The indexing expression can also use for_each and include other document fields. For example the E5 family of embedding models uses instructions along with the input. The following expression prefixes the input with passage: followed by a concatenation of the title and a text chunk.

schema doc {

    document doc {

        field title type string {
            indexing: summary | index
        }

        field chunks type array<string> {
            indexing: index | summary
        }

    }
    field embedding type tensor<bfloat16>(p{}, x[384]) {
        indexing {
            input chunks |
                for_each {
                    "passage: " . (input title || "") . " " . ( _ || "")
                } | embed e5 | attribute | index
        }
        attribute {
            distance-metric: prenormalized-angular
        }
    }
}

See Indexing language execution value for details.

Examples

Try the simple-semantic-search sample application. The commerce-product-ranking demonstrates using multiple embedders. The multi-vector-indexing sample-app demonstrates how to use embedders with multiple document field inputs.

Exporting HF models to ONNX format

Transformer based models have named inputs and outputs that needs to be compatible with the input and output names used by the Bert embedder or the Huggingface embedder.

The simple-semantic-search sample app includes two scripts to export models and vocabulary files using the default expecteded input and output names for the bert-embedder and the huggingface-embedder. The input and output names to use can also be overriden by the various transformer- input and output huggingface-embedder parameters and bert-embedder parameters.

Debugging ONNX models

When loading ONNX models for embedders, the model must have correct inputs and output parameters. Vespa offers tools to inspect ONNX model files. Here, minilm-l6-v2.onnx is in current working directory:

$ docker run -v `pwd`:/w \
  --entrypoint /opt/vespa/bin/vespa-analyze-onnx-model \
  vespaengine/vespa \
  /w/minilm-l6-v2.onnx

...
model meta-data:
  input[0]: 'input_ids' long[batch][sequence]
  input[1]: 'attention_mask' long[batch][sequence]
  input[2]: 'token_type_ids' long[batch][sequence]
  output[0]: 'output_0' float[batch][sequence][384]
  output[1]: 'output_1' float[batch][384]
...
The above model input and output names conforms with the default bert-embedder parameters.

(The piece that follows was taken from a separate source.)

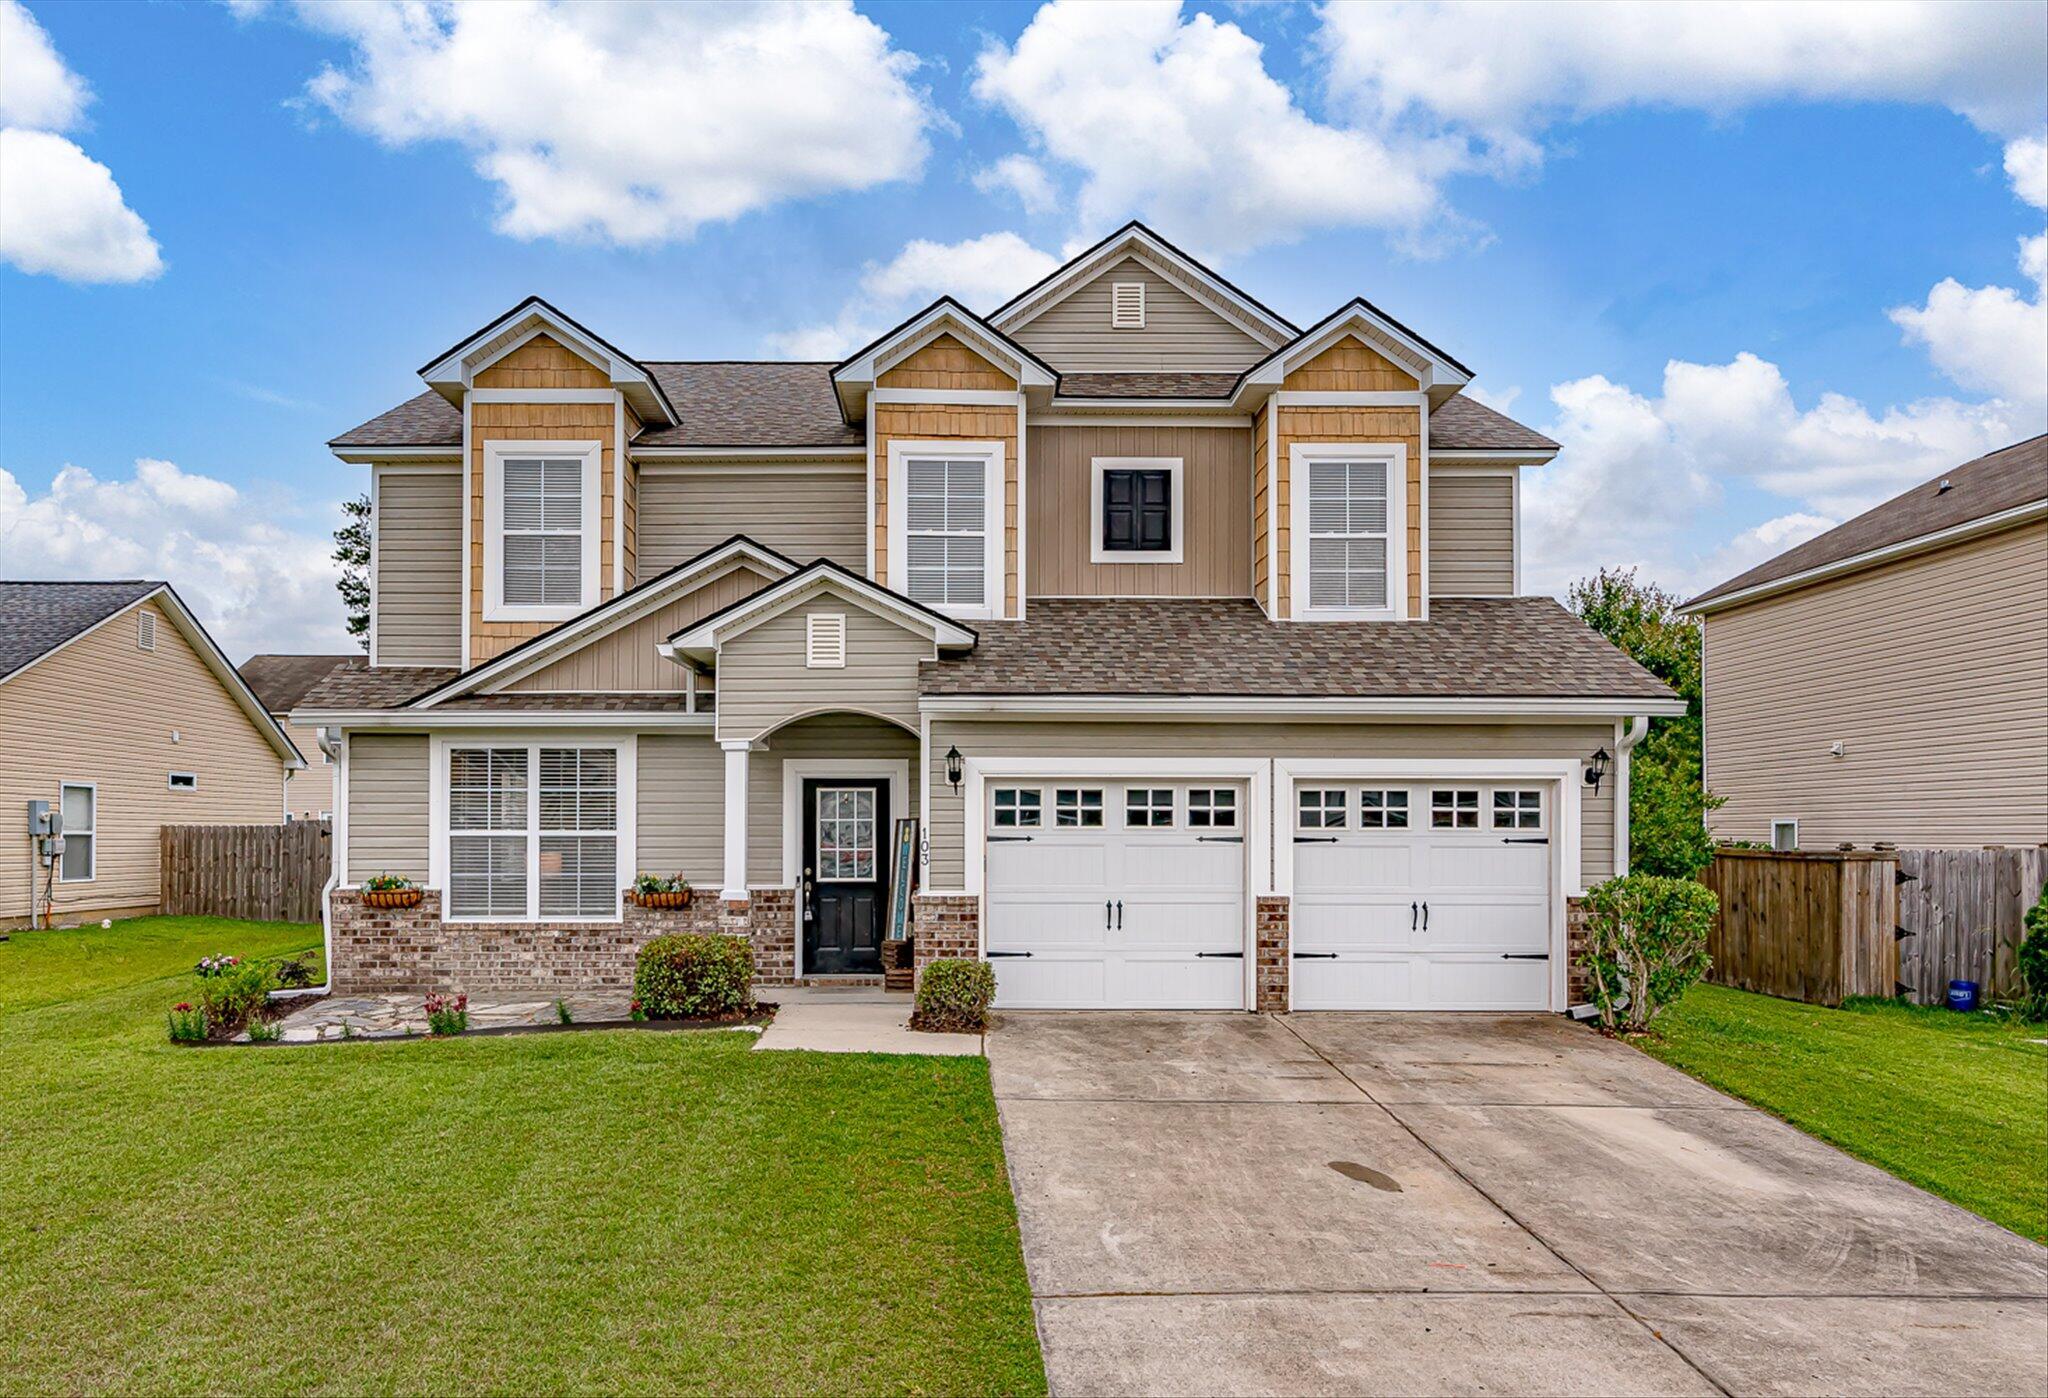 103 Summer View Road Summerville, SC 29486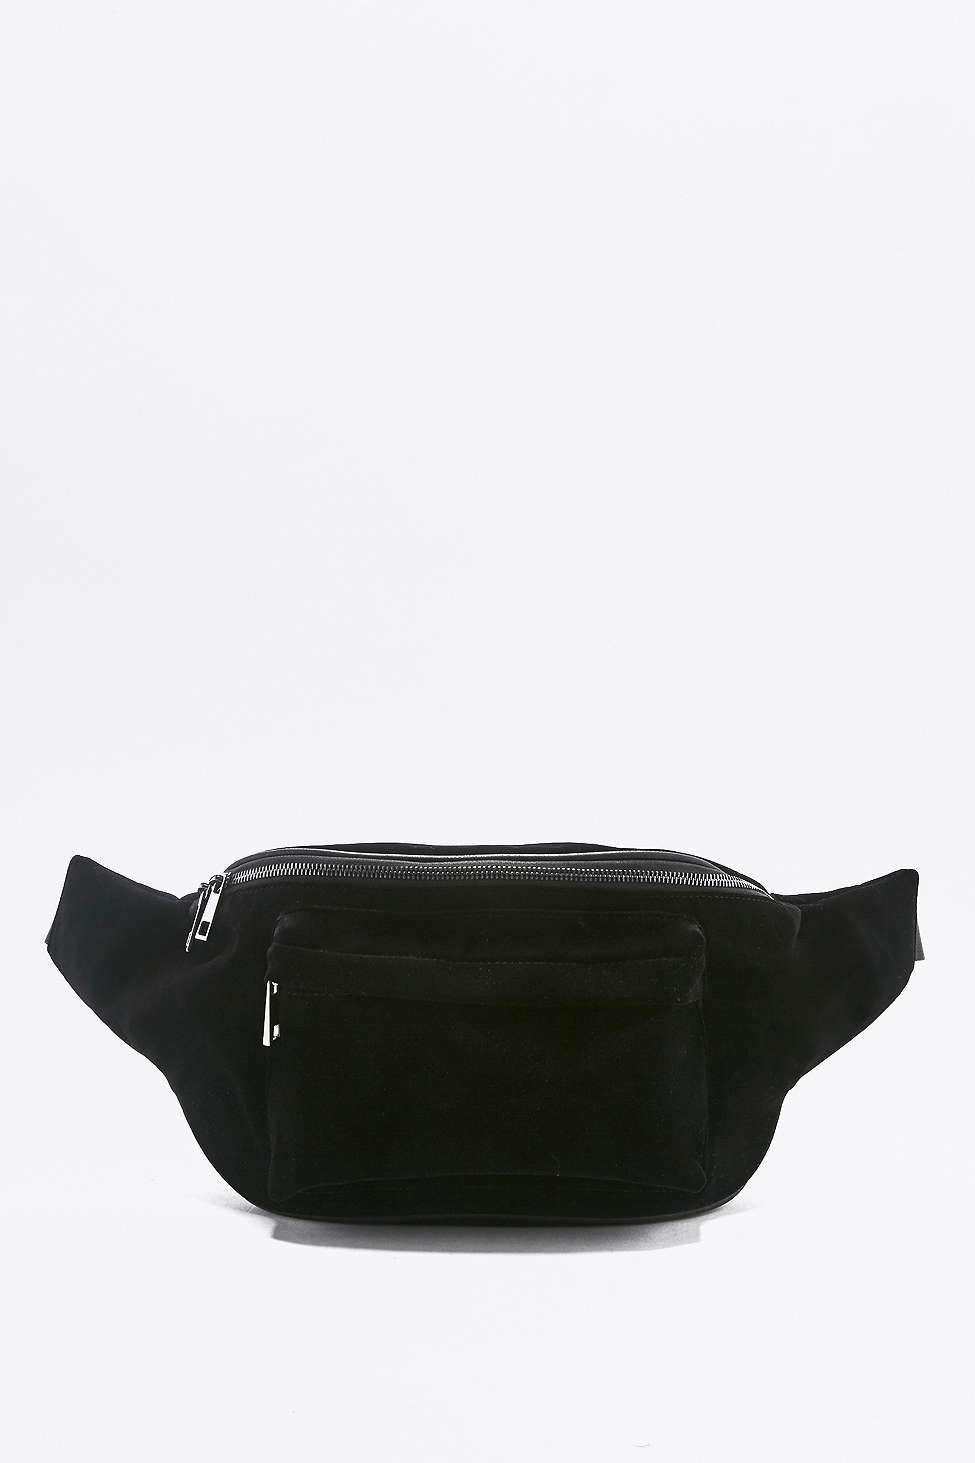 ec4d99ac4170 Black Velvet Oversized Cross-Body Bum Bag | Back to Uni | Bags, Bum ...

If loading models without the expected input and output parameter names, the Vespa Container node will not start (check vespa.log in the container running Vespa):

 WARNING container        Container.com.yahoo.container.di.Container
  Caused by: java.lang.IllegalArgumentException: Model does not contain required input: 'input_ids'. Model contains: input

When this happens, a deploy looks like:

$ vespa deploy --wait 300
Uploading application package ... done

Success: Deployed .

Waiting up to 5m0s for query service to become available ...
Error: service 'query' is unavailable: services have not converged

Embedder performance

Embedding inference can be resource intensive for larger embedding models. Factors that impacts performance:

  • The embedding model parameters. Larger models are more expensive to evaluate than smaller models.
  • The sequence input length. Transformer type models scales quadratic with input length. Since queries are typically shorter than documents, embedding queries is less resource intensive than documents.
  • The number of inputs to the embed call. When encoding arrays, consider how many inputs a single document can have. For CPU inference, increasing feed timeout settings might be required when documents have many embedinputs.

Using GPU, especially for longer sequence lengths (documents), can dramatically improve performance and reduce cost. See the blog post on GPU-accelerated ML inference in Vespa Cloud. See also Vespa container GPU setup guide for using GPUs with Vespa.

Metrics

Vespa's built-in embedders such as Bert and HuggingFace emits metrics for computation time and token sequence length. These metrics are prefixed with embedder. and listed in the Container Metrics reference documentation. Third-party embedder implementations may inject the ai.vespa.embedding.EmbedderRuntime component to easily emit the same predefined metrics, although emitting custom metrics is perfectly fine.